▶ Raw data
Start of Block
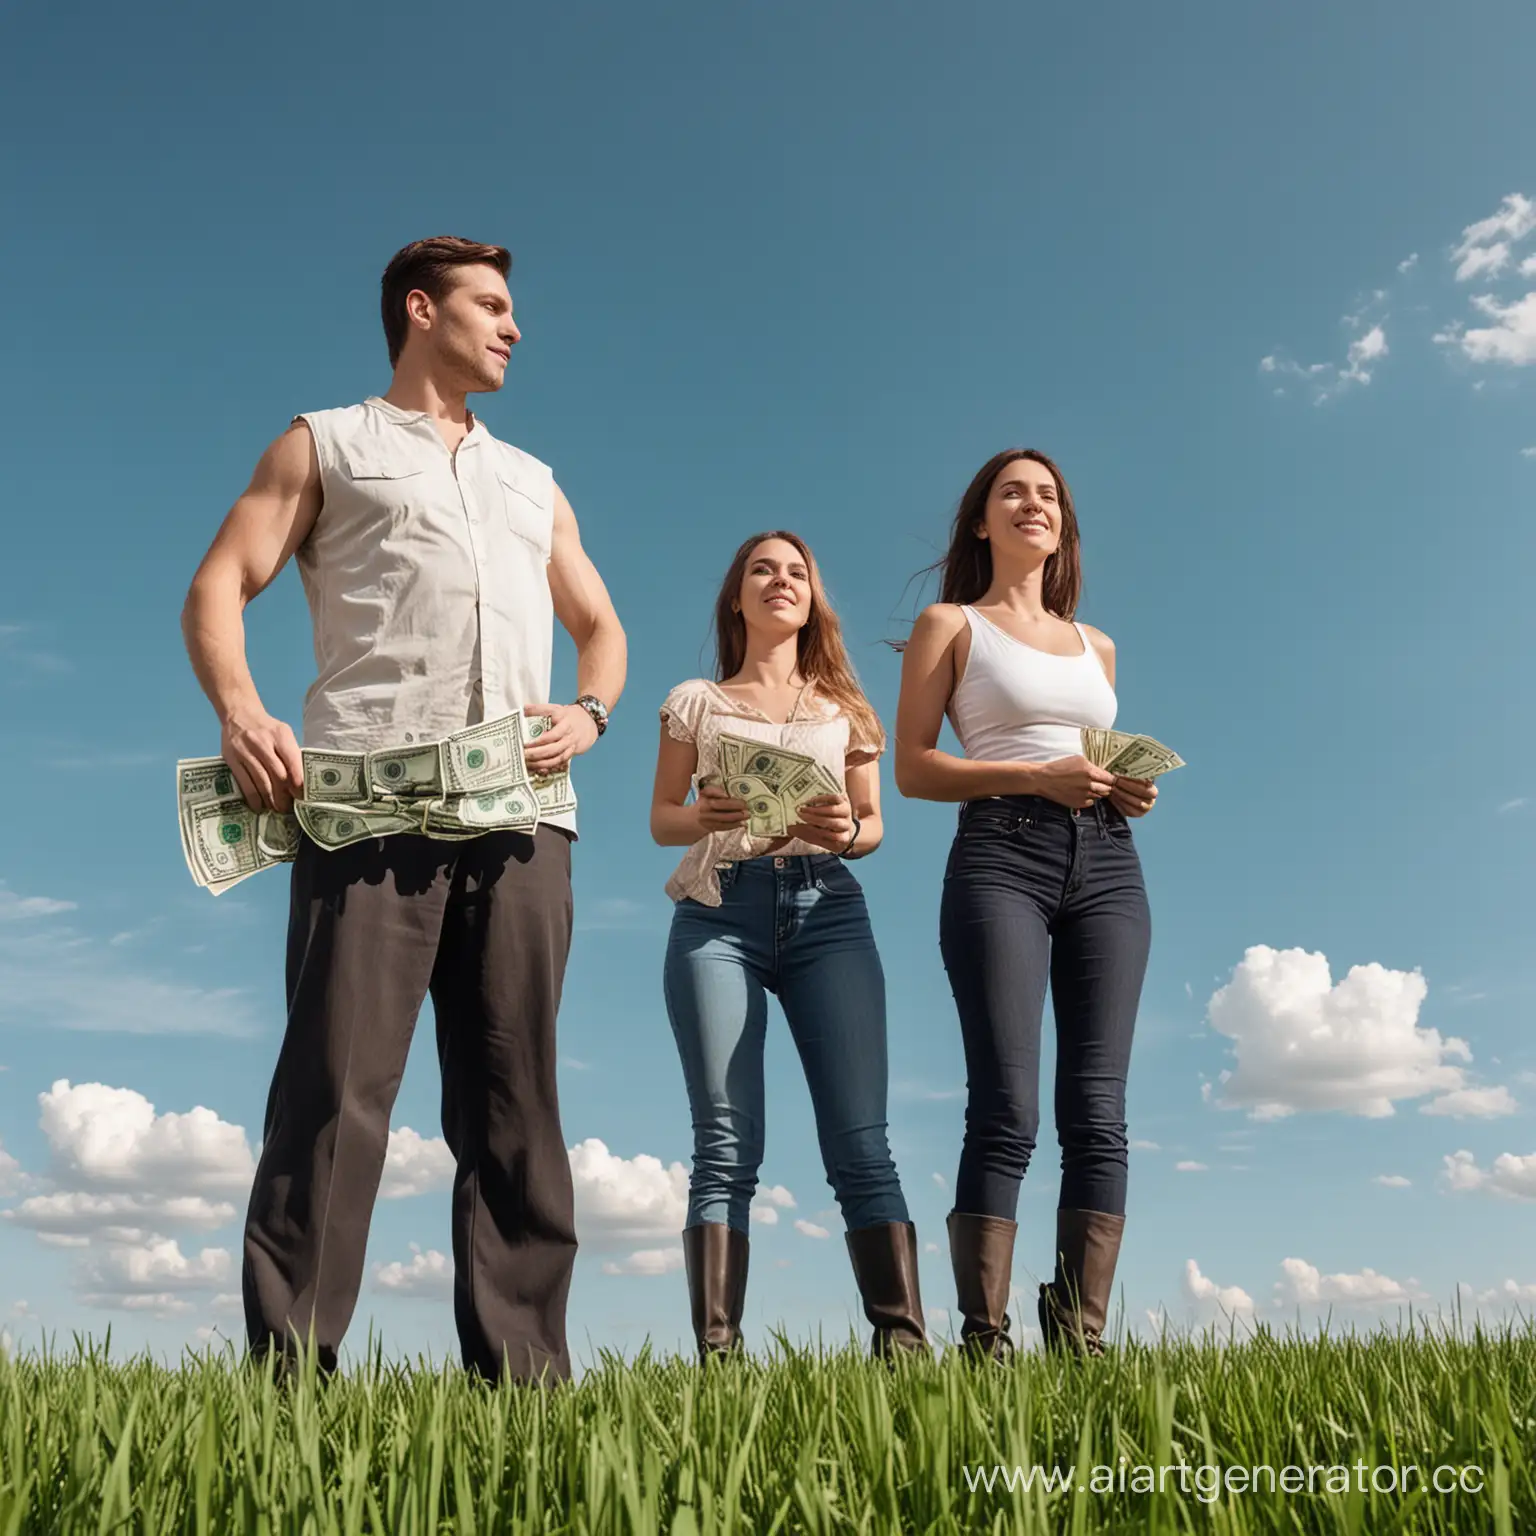 Мужчина и женщина с деньгами, на фоне голубого неба, стоят на зеленой траве
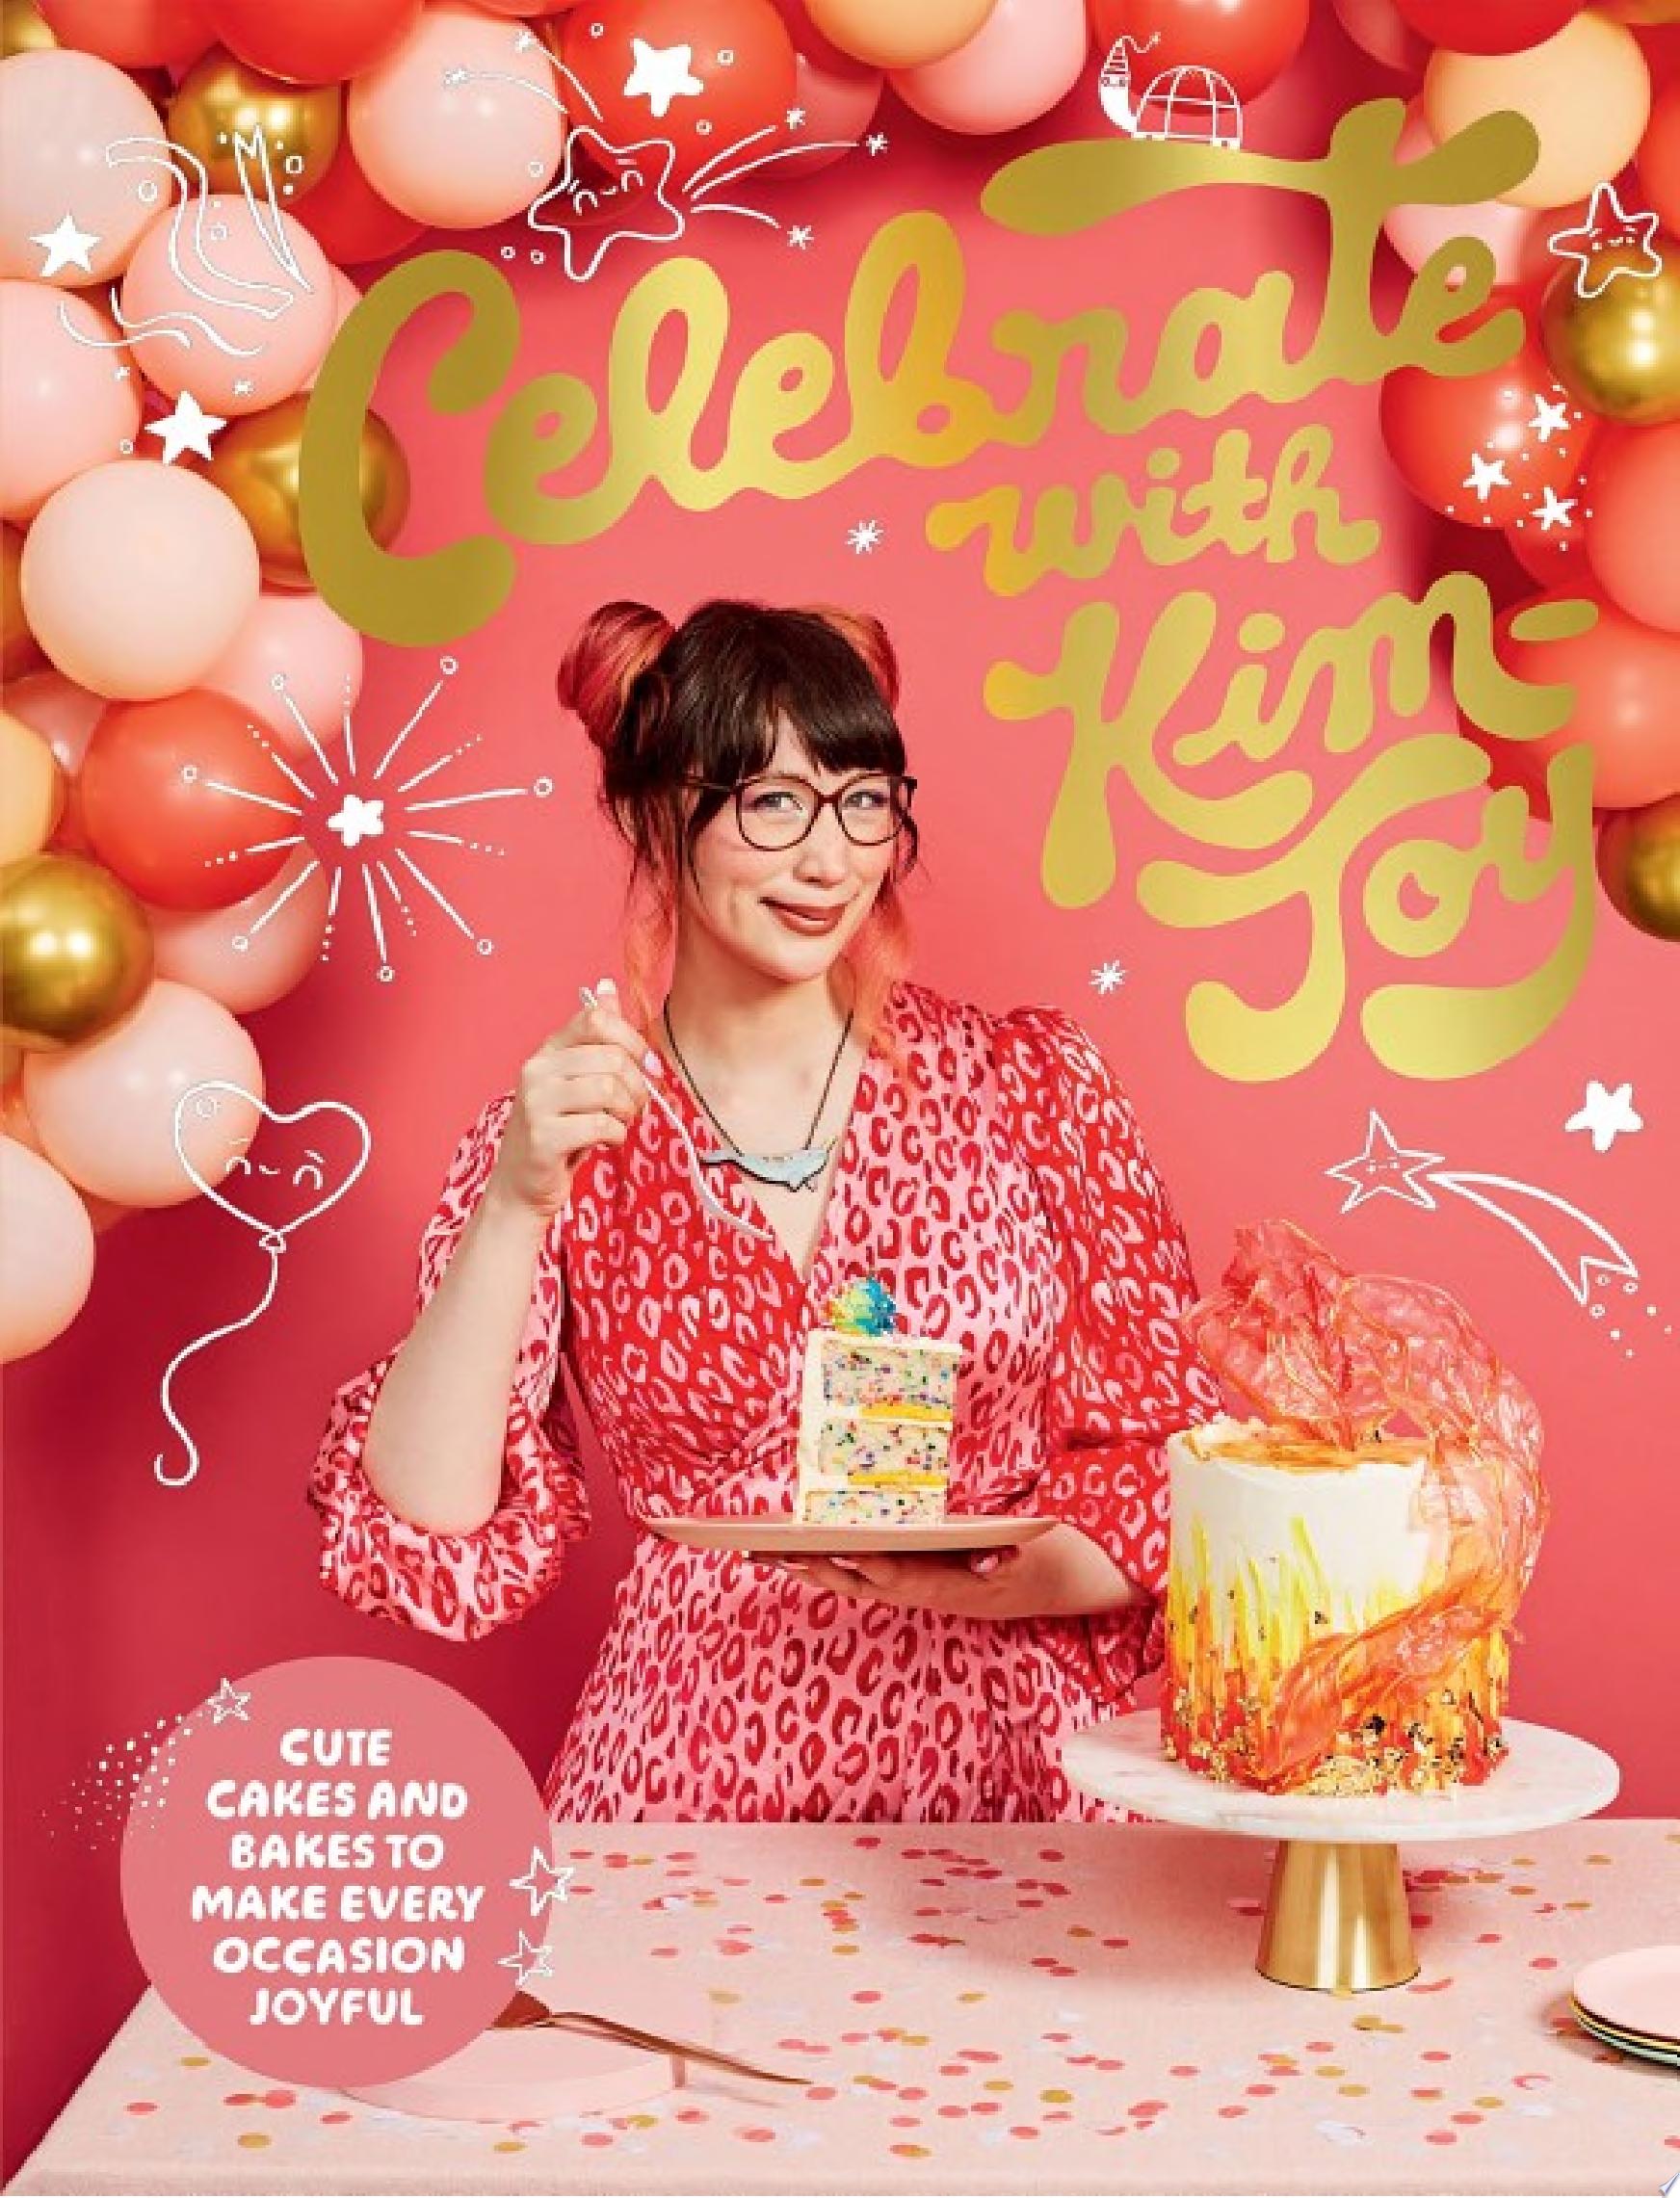 Image for "Celebrate with Kim-Joy"
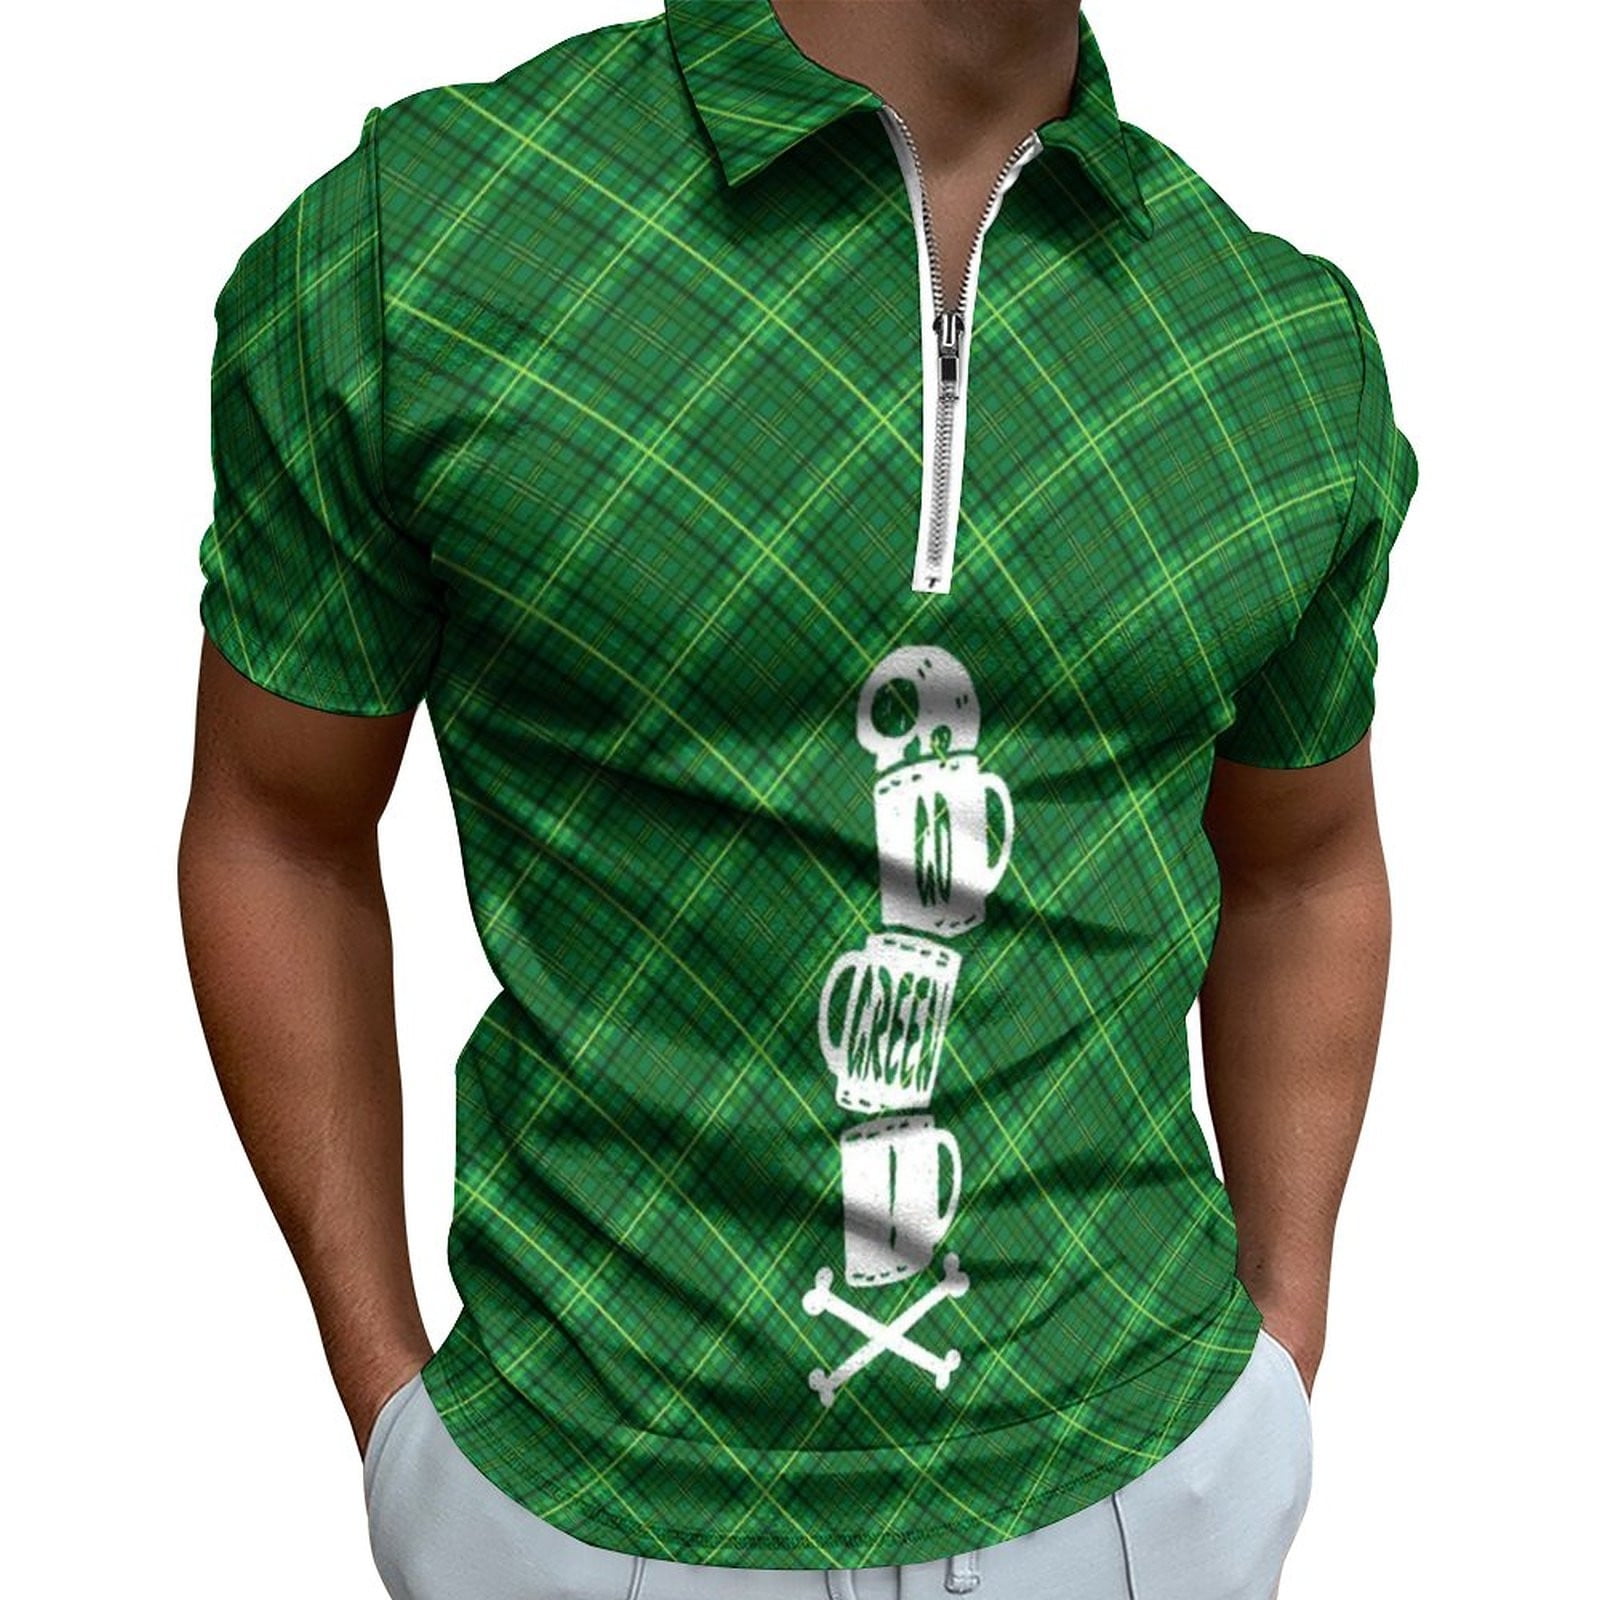 Pedort Linen Shirts For Men Golf Shirts for Men Dry Fit Moisture ...
End of Block
Please give the data again unaltered, leaving out any images.

▶ Task response
 Мужчина и женщина с деньгами, на фоне голубого неба, стоят на зеленой траве
 Image for "Celebrate with Kim-Joy"
 Pedort Linen Shirts For Men Golf Shirts for Men Dry Fit Moisture ...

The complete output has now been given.